De acordo com o último Levantamento Nacional de Álcool e Drogas, publicado em 2025, aproximadamente 1,4 milhão de brasileiros (0,8% da população) apresentaram quadros compatíveis com diagnóstico provável de Transtorno do Jogo, em linha com o resto do mundo.
Para o psiquiatra do Hospital das Clínicas Rodrigo Machado, o problema é a taxa de jogadores com risco de adoecimento. Está acima dos 7% – em outros países, esse índice fica entre 1% e 3%. “O número de diagnósticos de ludopatia demora mais a subir e ainda deve crescer em vista da legalização recente no país”.
Na Noruega, por exemplo, a taxa de jogadores adoecidos caiu de 1,4% em 2019 para 0,6% em 2022. Lá, o governo criou um duopólio estatal com duas empresas públicas e baniu a propaganda de agentes privados do exterior.
O CEO da Superbet diz que é difícil comparar os cenários dos dois países. “Na Noruega, partimos de uma base de educação muito alta, um cenário econômico completamente diferente, muito mais estável, uma renda muito mais alta e uma cesta de serviços básicos oferecidos pelo governo que é enorme”.
Sem propaganda, bets legais seriam rebaixadas ao nível das ilegais
Para Fonseca, o veto às apostas online criaria o maior mercado ilegal do mundo. Em 2025, o Brasil foi o terceiro país que mais gerou receita para as casas de apostas. Ficou atrás apenas de Estados Unidos e Inglaterra. Esse faturamento, que varia de R$ 50 a R$ 60 bilhões considerando bets reguladas e clandestinas, iria todo para a clandestinidade. “Eu não vejo isso no cenário, para ser muito sincero”.
Ele, que já foi diretor da Betano e negociou a compra dos naming rights do Campeonato Brasileiro, diz que a proibição das propagandas rebaixaria as empresas que pagaram R$ 30 milhões por uma licença e seguem regras contra o vício ao mesmo nível das marcas clandestinas. “A minha única diferenciação como casa de apostas regulamentada no Brasil é poder fazer publicidade ampla”, afirma.

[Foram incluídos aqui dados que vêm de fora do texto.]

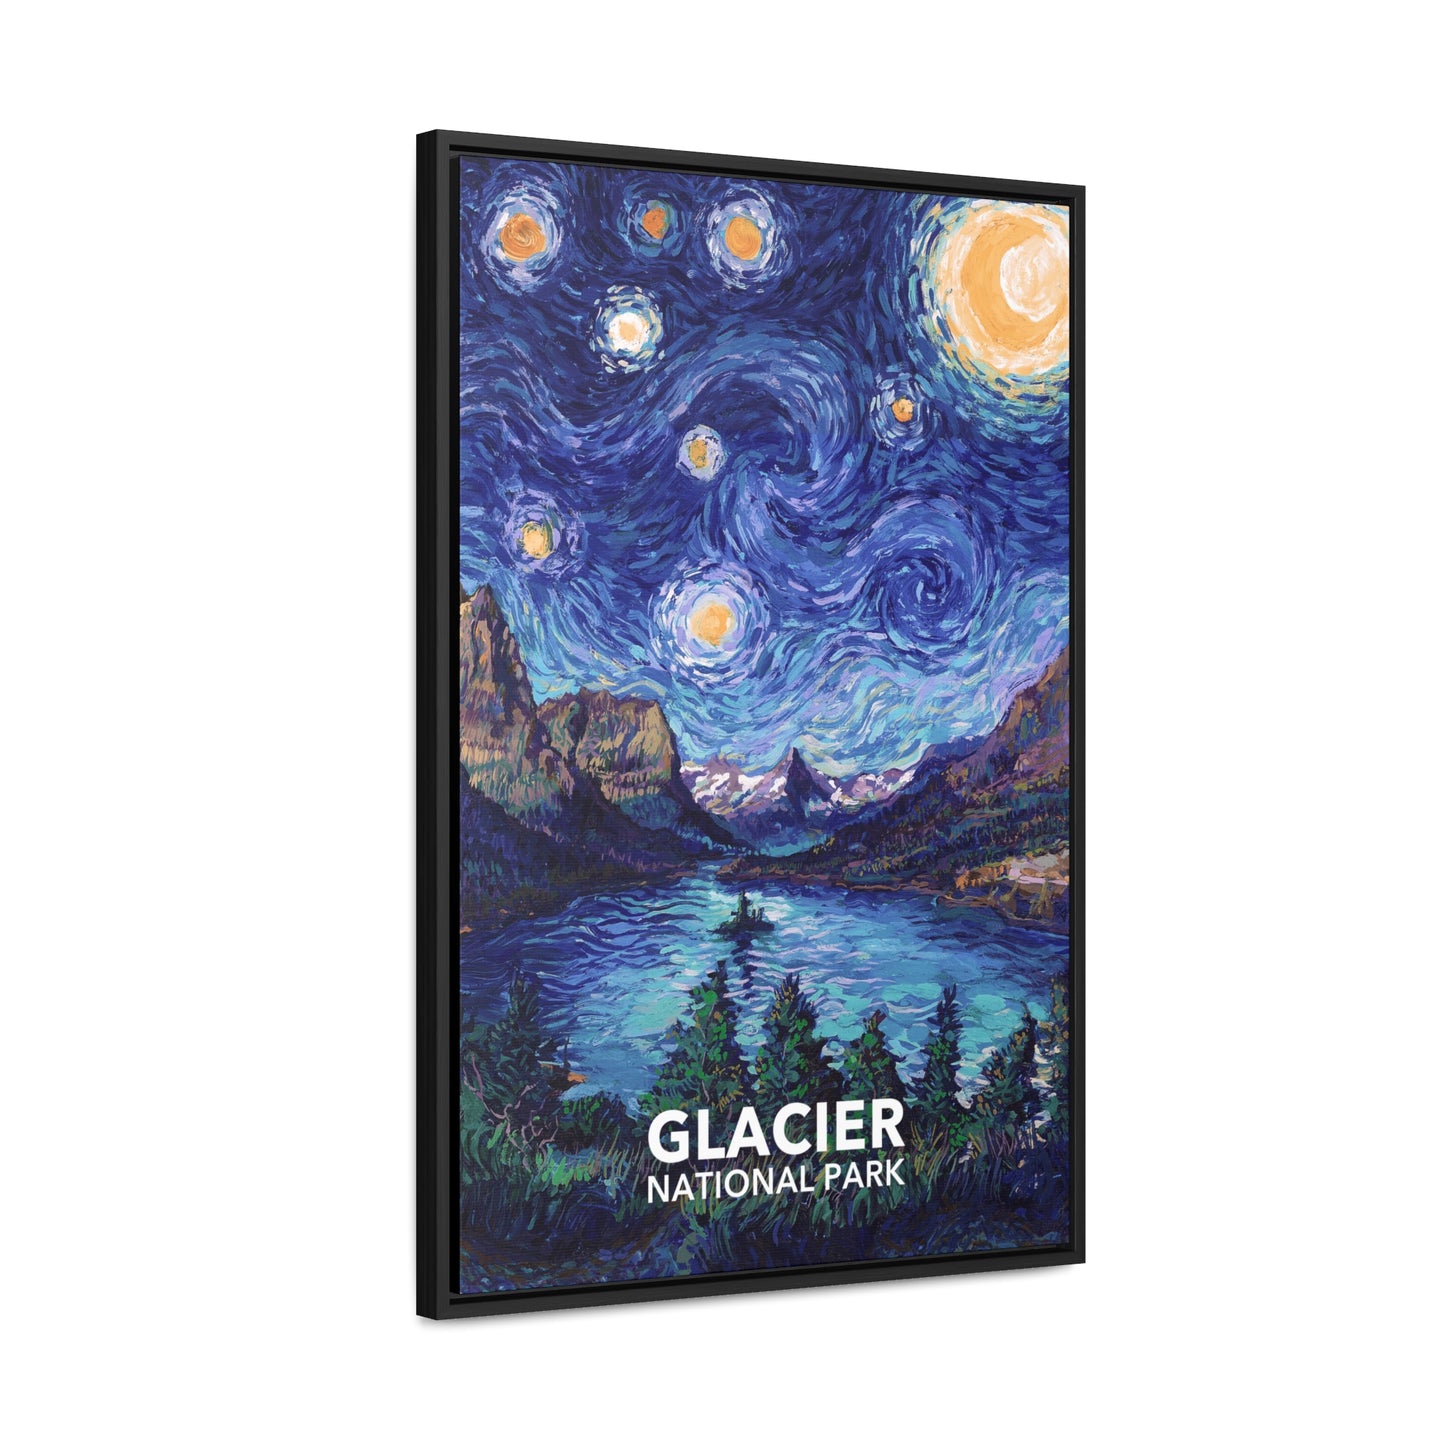 Glacier National Park Framed Canvas - The Starry Night

“Sobretaxar nosso segmento teria zero resultado para o consumidor final. É diferente do mercado de bebida. Digamos que uma cerveja custe R$ 10, o governo a tributa em mais 10%, a cerveja passa a custar R$ 11. Seria uma tentativa de reduzir o consumo pela sobretributação. No nosso caso, os prêmios vão continuar os mesmos. As empresas só irão pagar mais impostos e terão menos dinheiro para investir”.
Mesmo diante de críticas do atual governo e promessas de endurecimento de regras por parte dos presidenciáveis, o executivo avalia que as bets ainda estão em expansão. A penetração no mercado brasileiro, segundo dados do Ministério da Fazenda de 2025, está na casa de 10% da população. Enquanto isso, 25% da população inglesa gasta em apostas online. “Ainda há espaço para crescer”.